▶ [Exercise prompt] Copy out every line of the listing in which "White" appears.

▶ [Material provided]

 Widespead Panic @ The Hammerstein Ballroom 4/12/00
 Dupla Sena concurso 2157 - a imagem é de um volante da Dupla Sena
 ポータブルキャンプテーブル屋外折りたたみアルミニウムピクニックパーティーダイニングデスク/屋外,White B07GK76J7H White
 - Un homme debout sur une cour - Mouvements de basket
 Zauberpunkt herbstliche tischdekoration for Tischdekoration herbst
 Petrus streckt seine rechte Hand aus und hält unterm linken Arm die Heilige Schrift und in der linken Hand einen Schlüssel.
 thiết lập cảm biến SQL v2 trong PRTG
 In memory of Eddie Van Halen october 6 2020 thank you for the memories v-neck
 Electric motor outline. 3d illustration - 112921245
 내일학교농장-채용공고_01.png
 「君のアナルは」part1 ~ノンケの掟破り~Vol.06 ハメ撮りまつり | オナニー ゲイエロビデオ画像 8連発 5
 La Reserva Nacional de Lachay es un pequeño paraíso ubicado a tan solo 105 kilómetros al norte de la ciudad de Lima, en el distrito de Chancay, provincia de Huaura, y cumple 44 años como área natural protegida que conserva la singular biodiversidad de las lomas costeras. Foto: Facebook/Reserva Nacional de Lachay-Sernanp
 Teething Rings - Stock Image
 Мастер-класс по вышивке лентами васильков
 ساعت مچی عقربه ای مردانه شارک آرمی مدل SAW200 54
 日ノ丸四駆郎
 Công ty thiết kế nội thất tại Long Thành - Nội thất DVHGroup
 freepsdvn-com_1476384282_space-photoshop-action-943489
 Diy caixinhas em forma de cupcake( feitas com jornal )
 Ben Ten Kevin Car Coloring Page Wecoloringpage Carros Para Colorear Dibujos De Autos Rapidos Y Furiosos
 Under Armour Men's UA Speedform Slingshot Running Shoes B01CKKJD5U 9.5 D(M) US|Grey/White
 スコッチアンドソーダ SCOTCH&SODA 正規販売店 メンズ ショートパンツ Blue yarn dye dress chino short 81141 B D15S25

▶ [Answer area]
 ポータブルキャンプテーブル屋外折りたたみアルミニウムピクニックパーティーダイニングデスク/屋外,White B07GK76J7H White
 Under Armour Men's UA Speedform Slingshot Running Shoes B01CKKJD5U 9.5 D(M) US|Grey/White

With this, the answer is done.